The Flamanville nuclear plant's two reactors generate enough electricity for the entire regions of Normandy and Brittany.
AFP/Getty Images
The Flamanville nuclear plant's two reactors generate enough electricity for the entire regions of Normandy and Brittany.

After the energy crisis of the 1970s, France invested heavily in nuclear facilities, and today the country is much less dependent on foreign oil. Environmentalists cite safety concerns, but the French government and the powerful nuclear lobby seem determined to press on toward their goal of using nuclear power to achieve energy independence.

On the coast of Normandy overlooking the English Channel, sits the nuclear power plant at Flamanville. Its two reactors generate enough electricity for the entire regions of Normandy and Brittany. France has 58 nuclear plants like this which meet 80 percent of its total electricity needs -- and allow it to export power to Britain, Germany and Italy.

"France chose nuclear because we have no oil, gas or coal resources, and recent events have only reinforced the wisdom of our choice," says Laurent Striker, senior vice president at Electricite de France, the world's largest power company.

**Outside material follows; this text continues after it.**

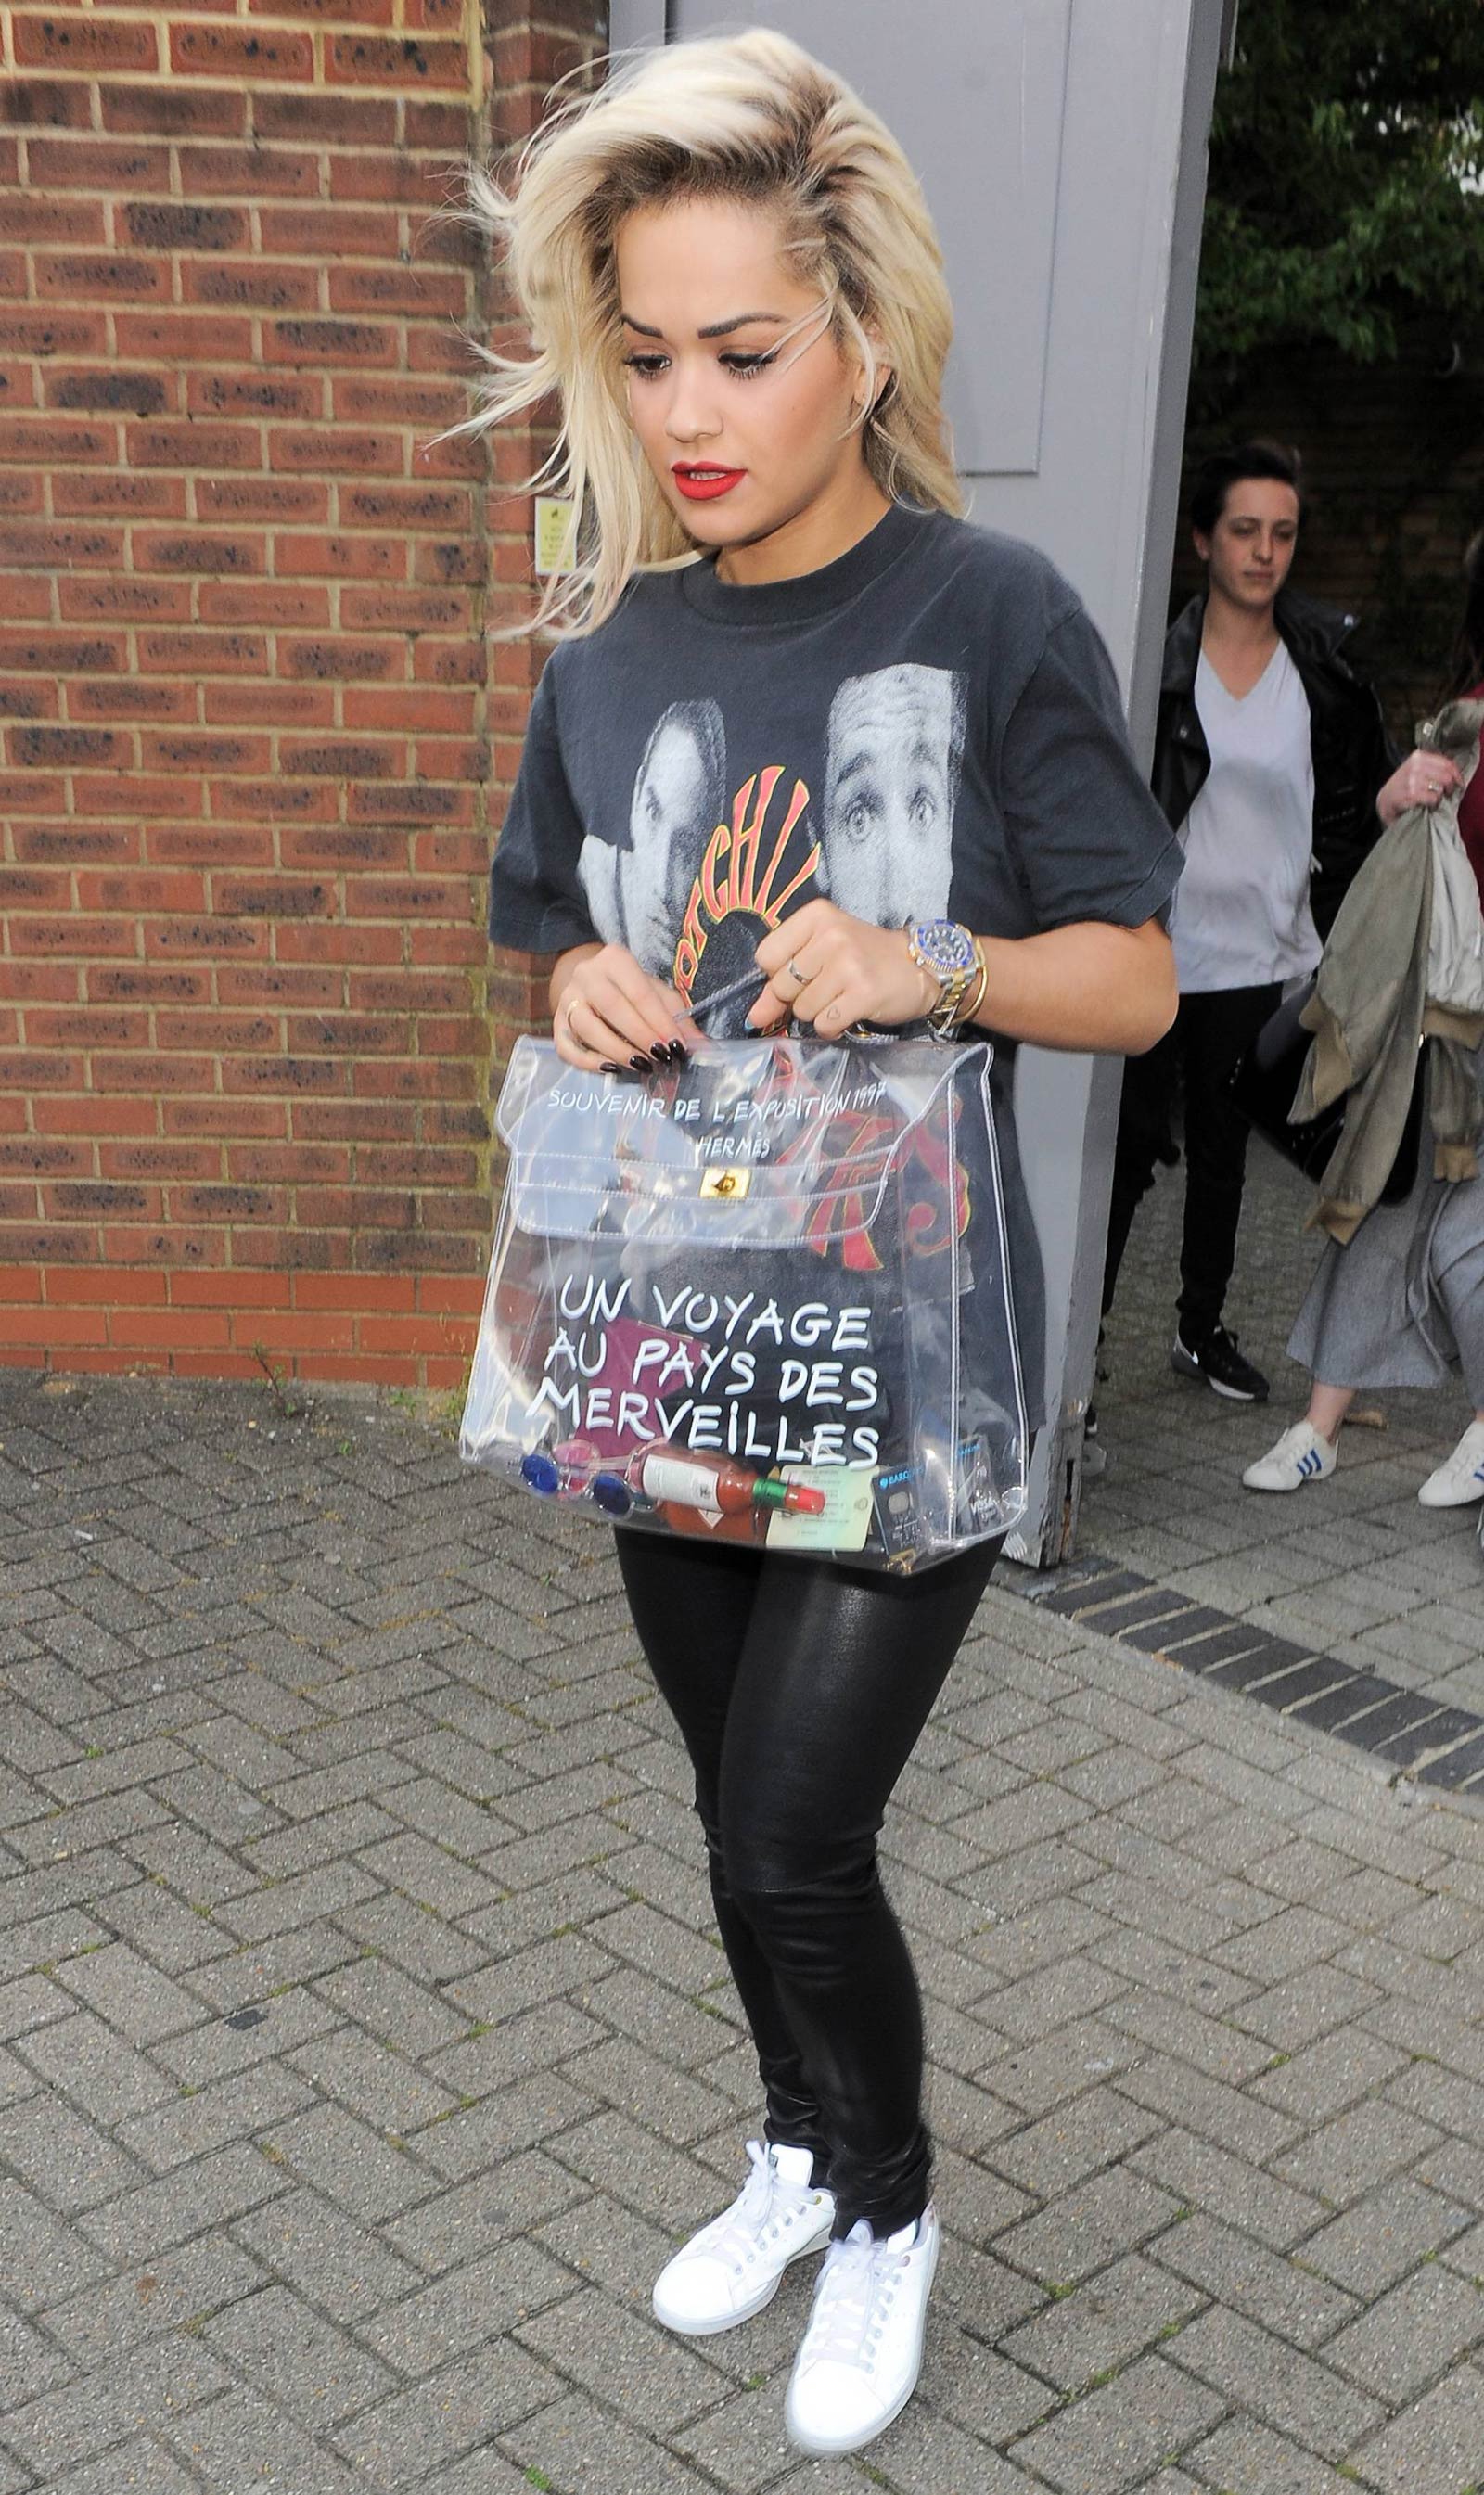 Rita Ora leaving a photo studio in London
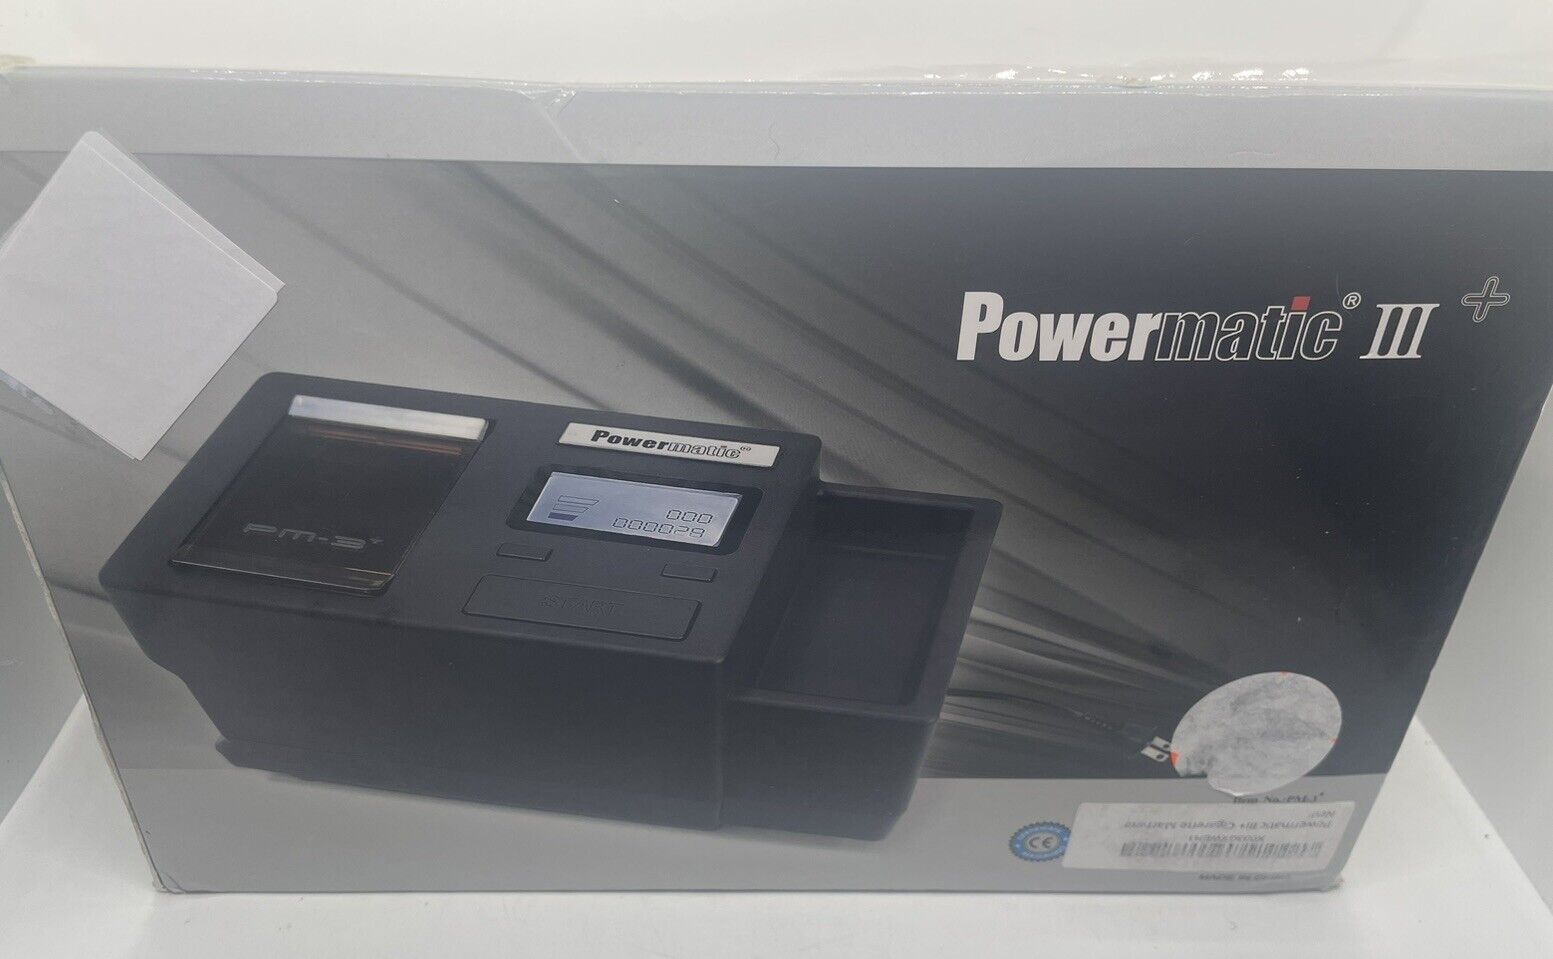 Powermatic III 3 Cigarette Rolling Machine w/ Digital Counter PM-3 *NEW* OpenBox

France began beefing up its civil nuclear program after the 1974 oil crisis. Over the next decade, the country built nearly two reactors a year. While the nuclear accidents at Three Mile Island and Chernobyl turned public opinion in the United States and Europe against nuclear energy, in France nuclear power never went out of fashion.

French and German engineers have already developed the next generation of nuclear reactors, expected to start commercial operation in the next five years. Bertrand Barre, with the government-owned company Areva, the world's largest builder of nuclear power stations, says the next generation will be even safer.

French environmentalists say the economic benefits of nuclear energy are far outweighed by the dangers of its byproducts and their storage. They also say nuclear facilities are potential targets for terrorists.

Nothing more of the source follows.